[INFORMATION SHOWN]
■ ■ ■ ■ ■
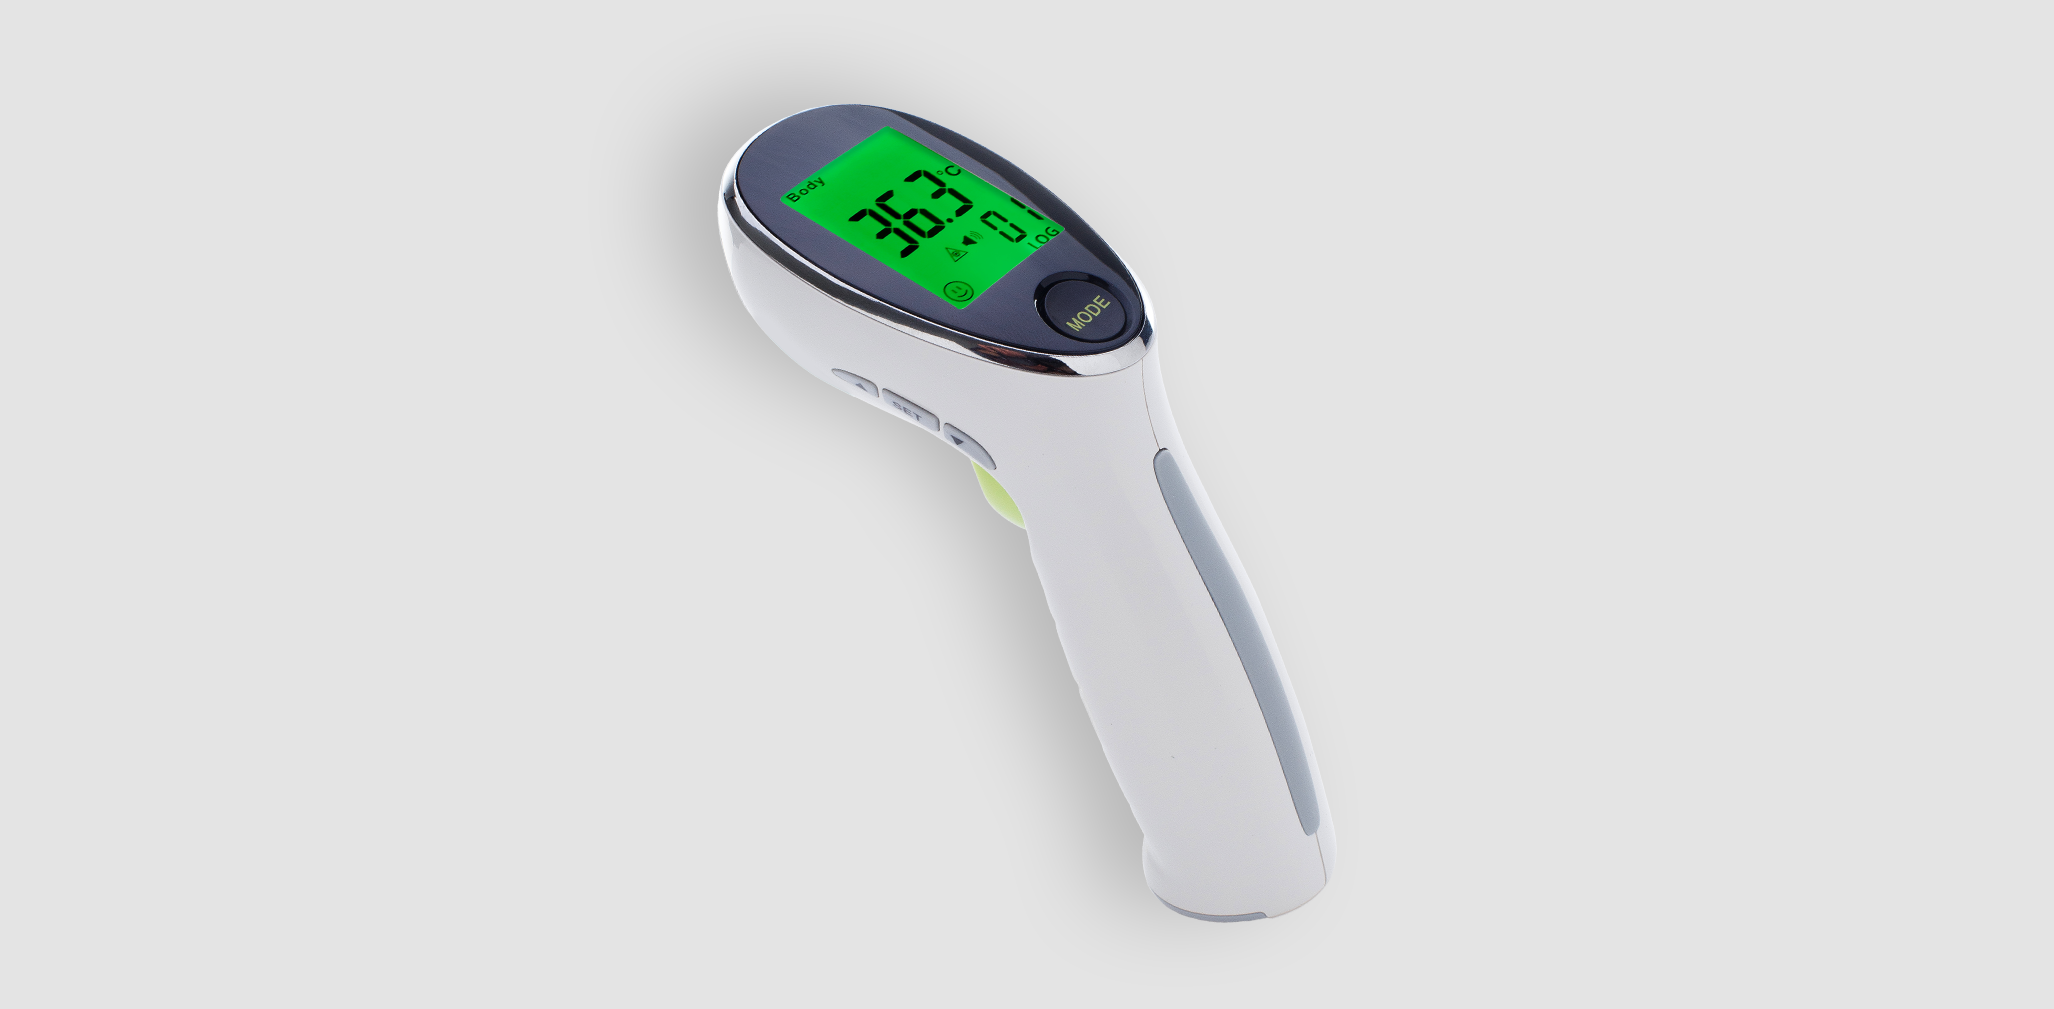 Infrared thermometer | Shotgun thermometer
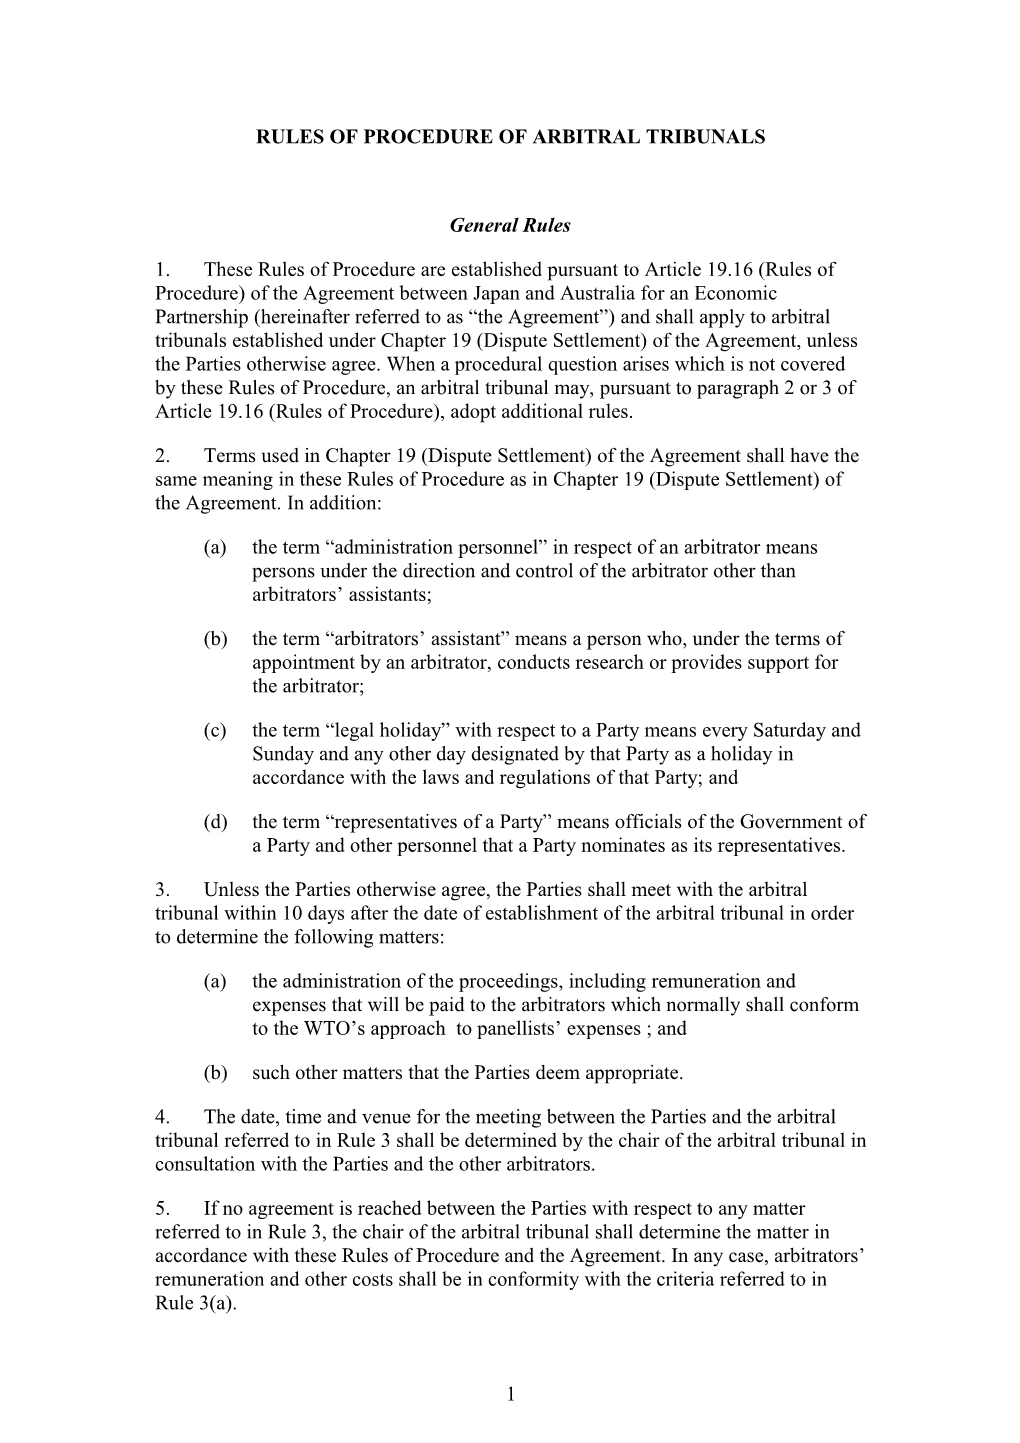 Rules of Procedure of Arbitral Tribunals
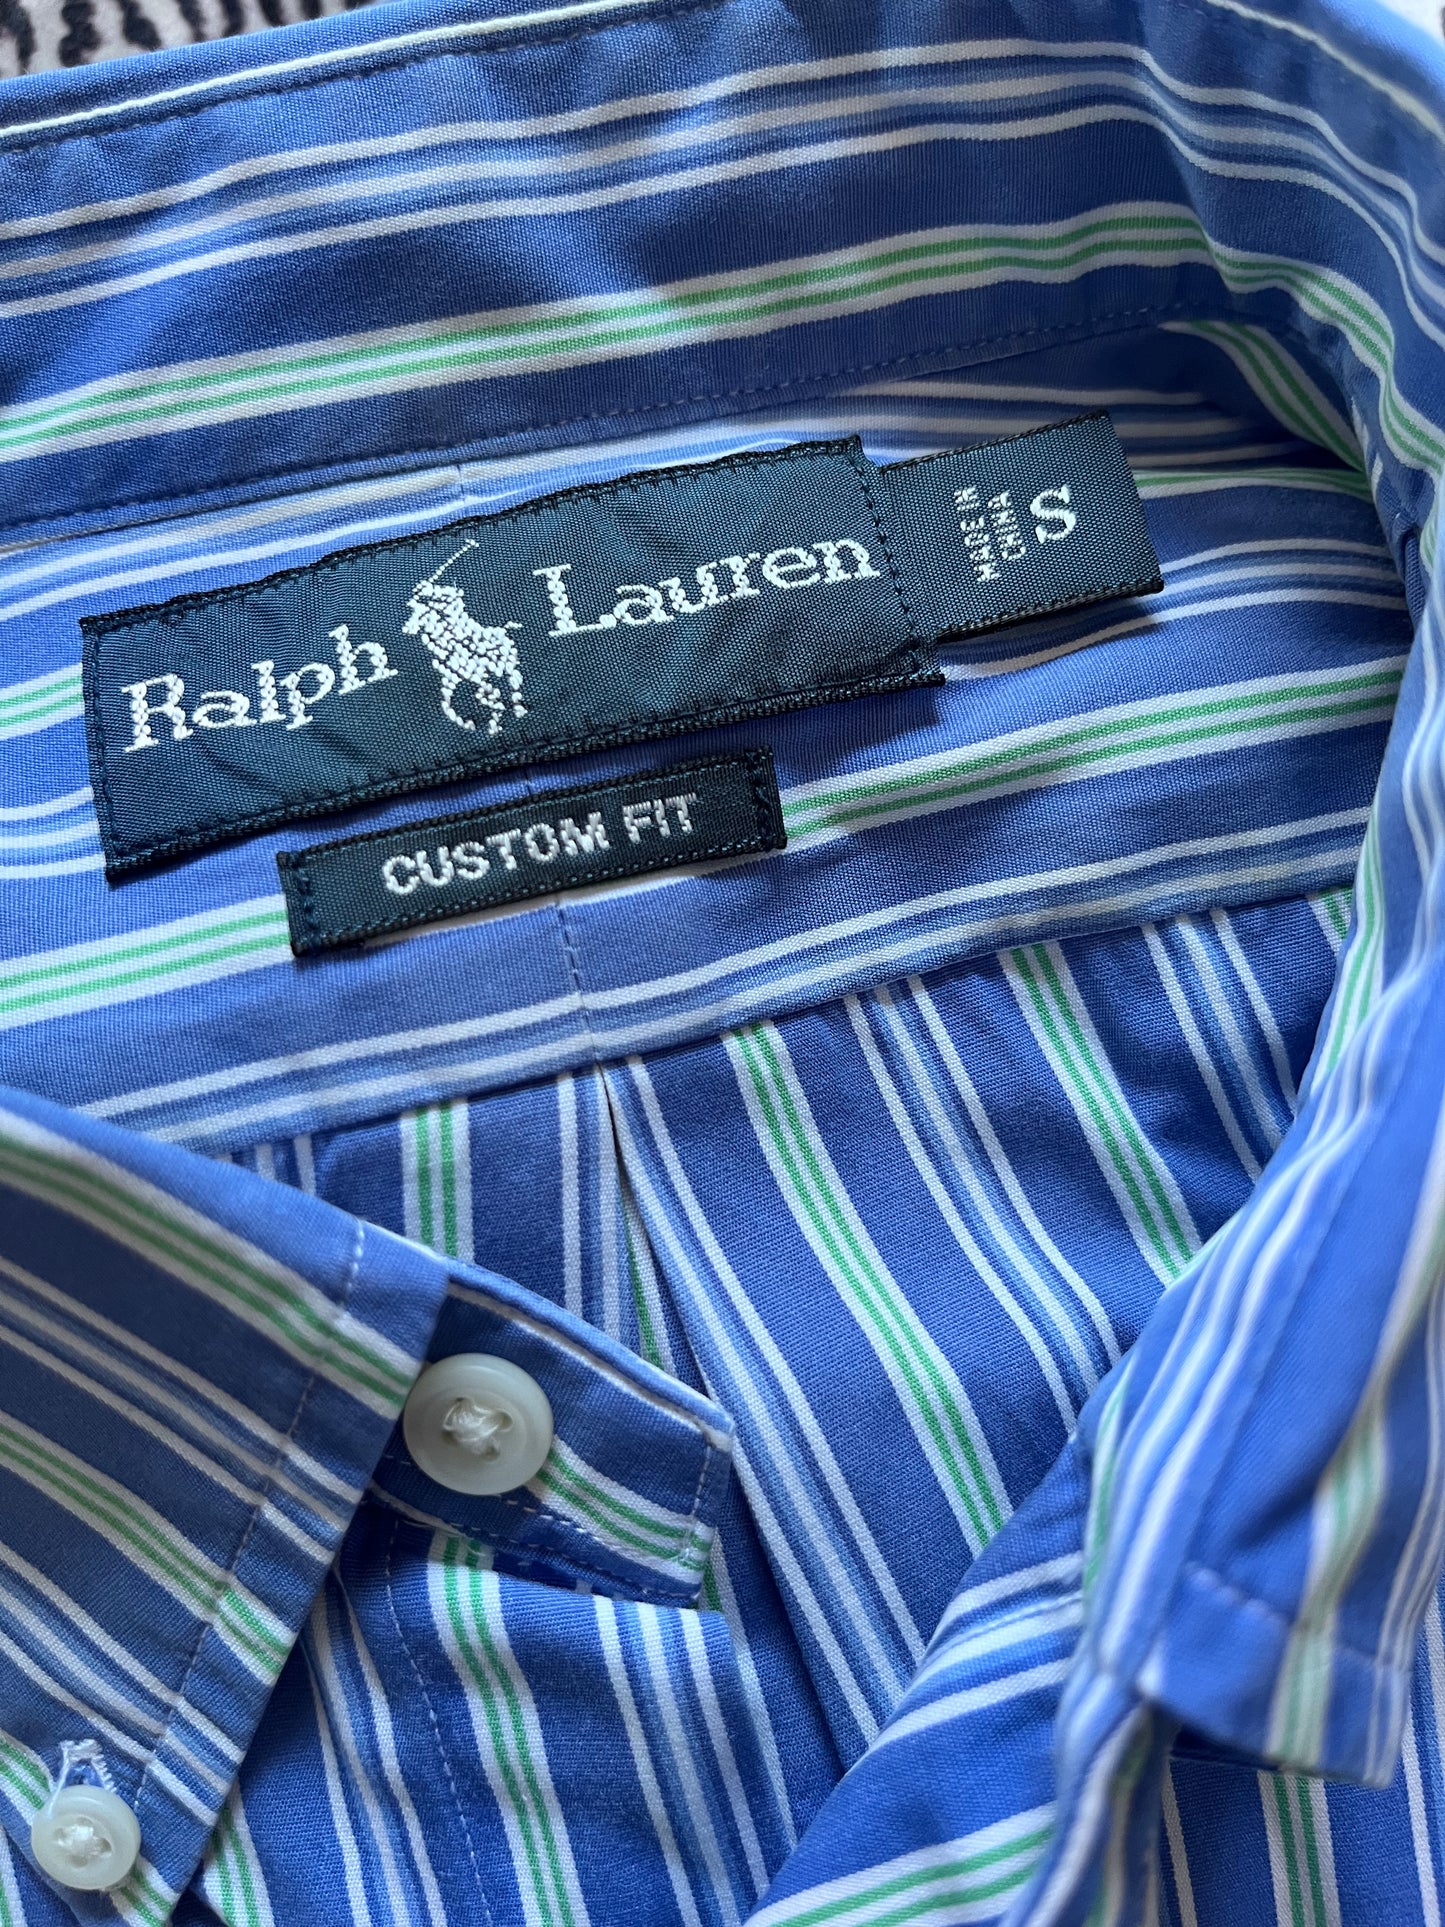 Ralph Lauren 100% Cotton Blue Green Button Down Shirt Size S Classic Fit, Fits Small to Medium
■ ■ ■ ■ ■
[TASK] Line by line and exactly, reproduce the span from the line with "Rules of Procedure of Arbitral Tribunals" through the end of the data above, both ends included, with pictures left out.

[ANSWER FOR THIS EXERCISE]
 Rules of Procedure of Arbitral Tribunals
 Ralph Lauren 100% Cotton Blue Green Button Down Shirt Size S Classic Fit, Fits Small to Medium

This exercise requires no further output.